Filling reusable bottles with tap water would be an obvious step forward in reducing the purchasing that we see today. The recent 5p charge on plastic carrier bags in England has seen reductions in use of around 70% and there are also schemes in other EU countries to reduce waste such as a deposit being placed upon bottles meaning they can be returned to the producer and refilled. Similar arrangements could go a long way to reducing plastic bottle use in the UK, as well as other developed nations.

Water contamination: Can we stop the world’s biggest killer?

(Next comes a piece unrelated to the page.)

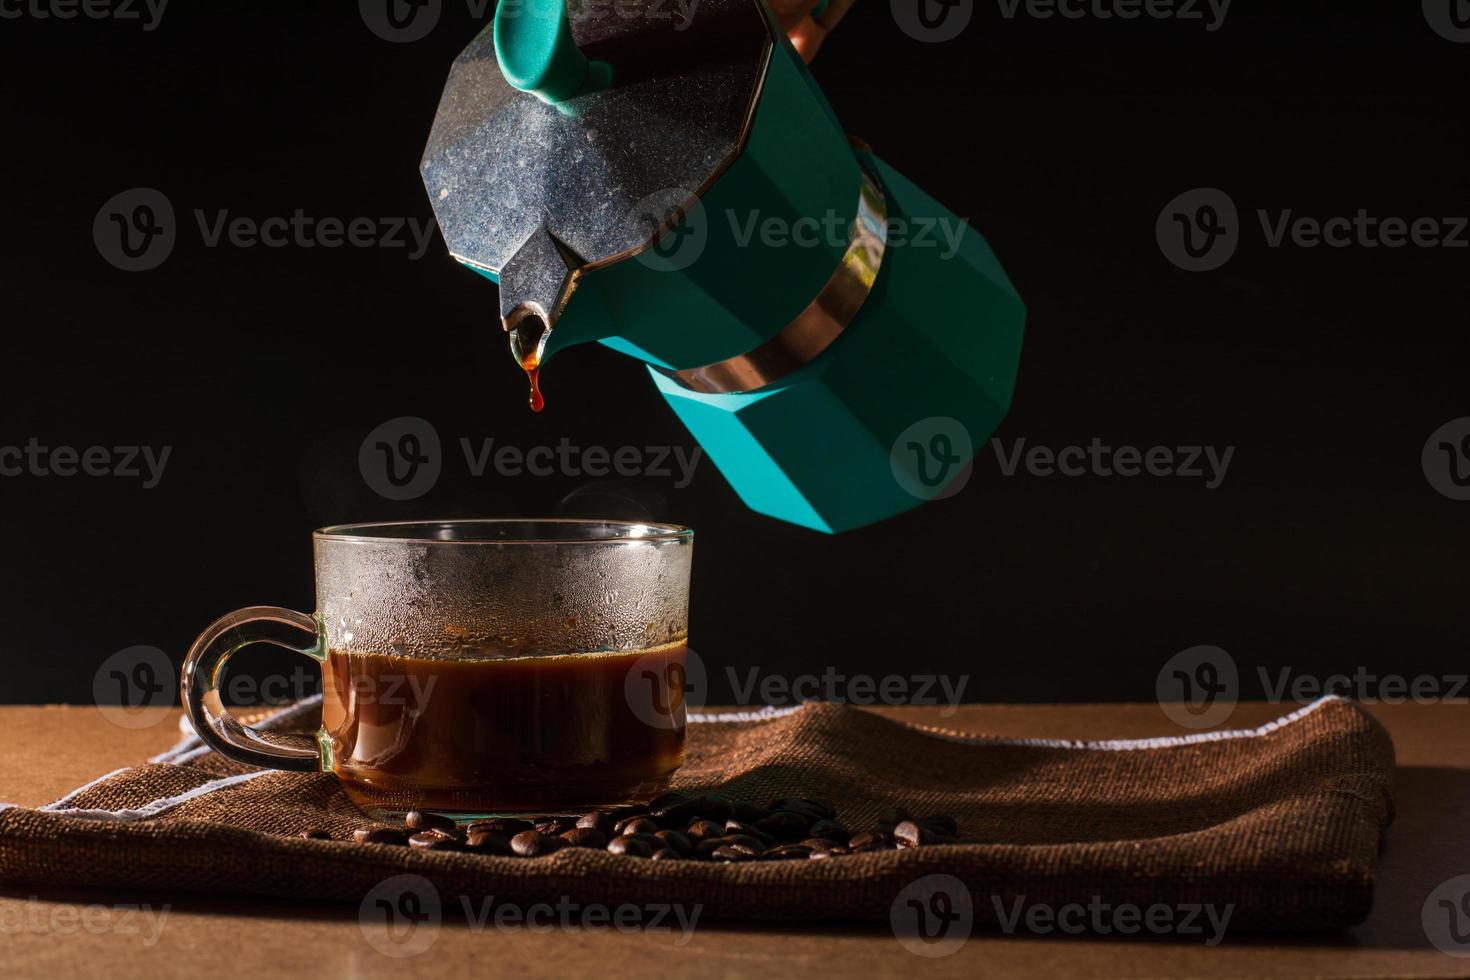 versare il caffè nero caldo dalla moka verde per pulire la tazza di caffè con fumo e chicchi di caffè su una tovaglia marrone e un tavolo di legno. beneficio del concetto di caffè. foto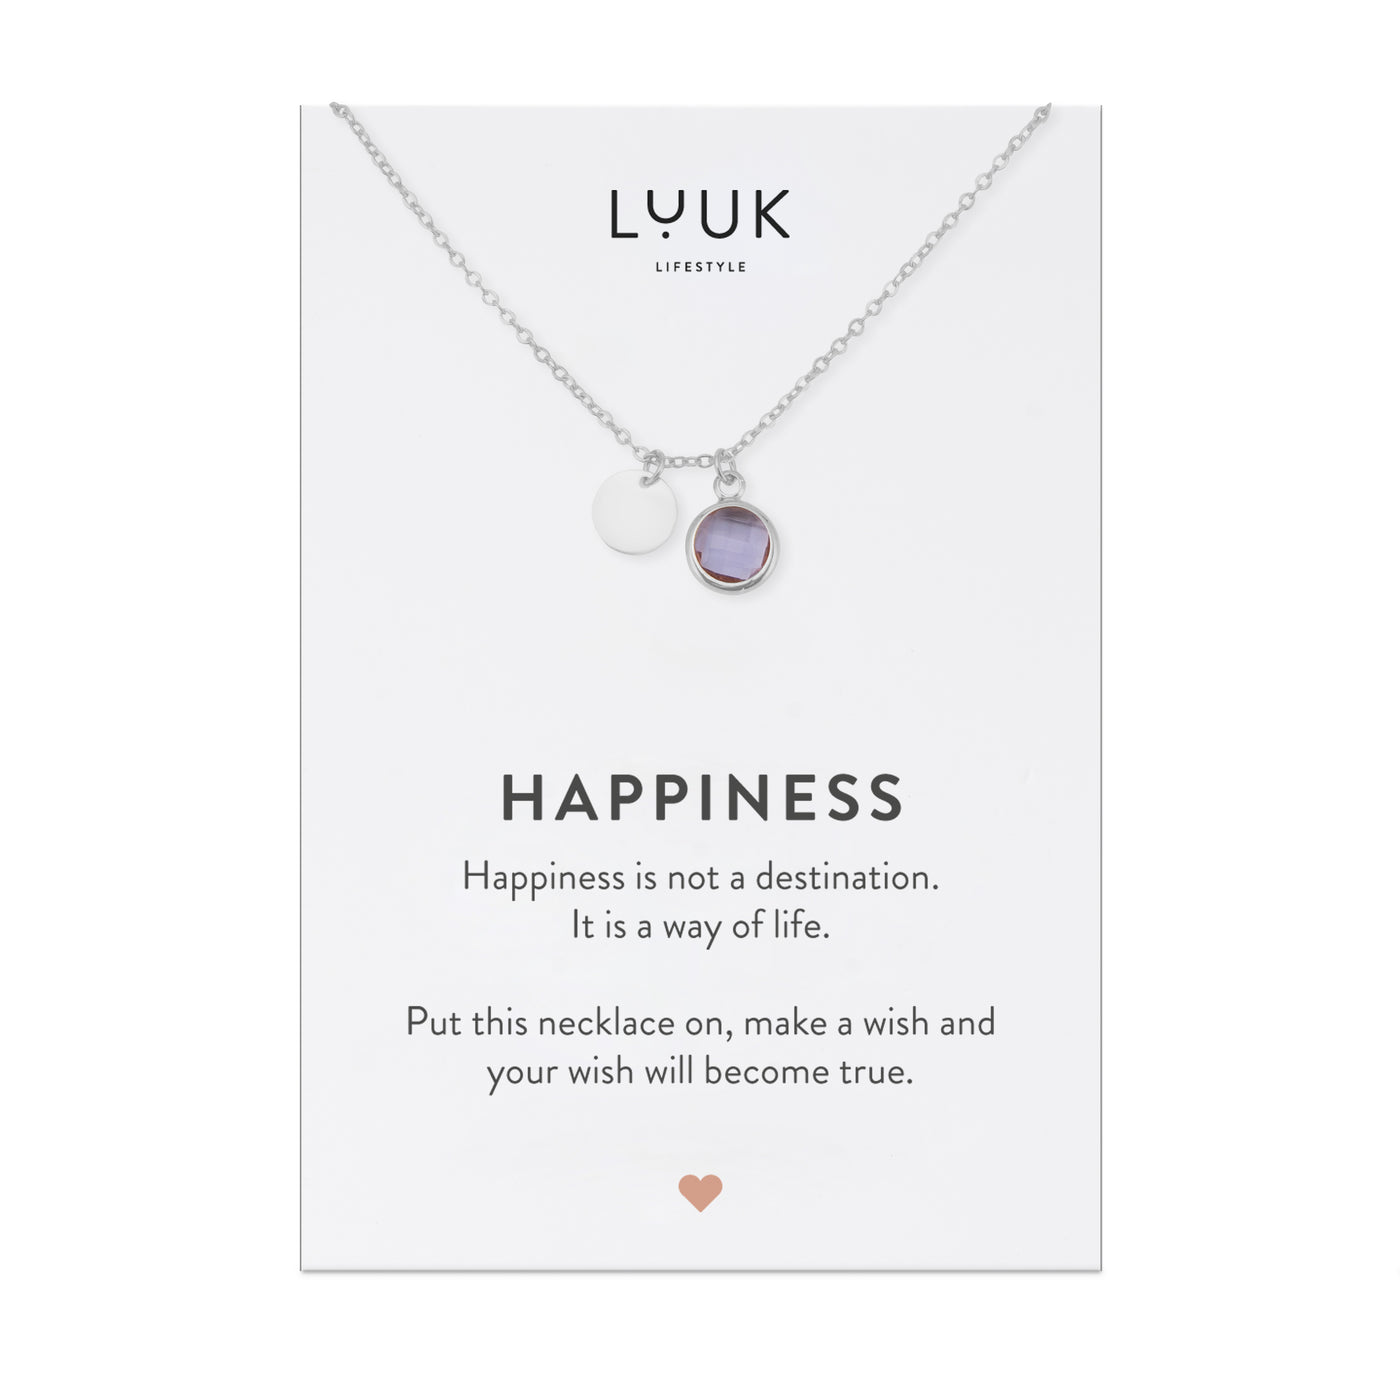 Silberne Halskette mit lilanem Kristall Anhänger auf Happiness Spruchkarte von der Marke Luuk Lifestyle

It may be surprising to some, but water-borne diseases are the leading cause of death in the world. There are an estimated 3.4 million deaths a year according to the World Health Organisation (99% of which occur in developing countries (Prüss-Üstün et al., 2008)), whilst four-fifths of illnesses in developing countries are caused by contaminated water (Fonyuy, 2014). Clearly the problem of water pollution and contamination is now one of the most pressing issues for developing countries.

So how does water get polluted? Surface water is more commonly contaminated, and this can pose a high risk as many public waterways are used for drinking and cooking water as well as sanitation. However, a lack of infrastructure in towns and cities can lead to sewage and garbage being dumped straight into these waterways. Groundwater is usually safer as it gets filtered as it passes through underground layers of sand, clay and rock (Kjellstrom et al., 2006). Nevertheless, industry and mining can affect the mineral and pH levels of both ground and surface water. Arsenic (especially a problem in southern Asia, including Bangladesh) and fluoride, can leech through the soil into groundwater from both natural and anthropogenic sources, and are seen as the most dangerous inorganic contaminants in the world (Farooqi, 2015). 

The overriding contamination of freshwater comes from nitrogen and phosphurus, which are carried into the water from agricultural runoff. This leads to eutrophication of water bodies, and enhanced productivity of algae to form toxic algae blooms. A consequence of the increased respiration rates is that it depletes the water of oxygen, which can create 'dead zones' with devastating effects on local fauna.

It is not just freshwater reserves which are being increasingly contaminated. Go to any beach in Britain and it’s easy to see the amount of waste and debris washed up onto our shores. There are billions of pieces of plastic floating around are oceans, right down to microscale which can have a devastating effect on wildlife. The BP oil spill in the Gulf of Mexico is a well-known example of water pollution, where 780,000 cubic metres of oil were released into the ocean, causing havoc to marine wildlife as well as the local fishing and tourism industries. Meanwhile, Diaz and Rosenburg, 2008 report more than 400 marine dead zones, caused by toxic algae blooms and oxygen depletion. 

 Why is freshwater contamination such an issue in developing countries, whilst in general richer ones are able to get around the problem? The answer, inevitably, focuses around money. Many developing countries lack the finances to build the necessary infrastructure, such as pipes, treatment plants and wells. The problem is being exacerbated in many African countries by high population growth rates, meaning increased use of unsafe water for drinking, cooking and sanitation.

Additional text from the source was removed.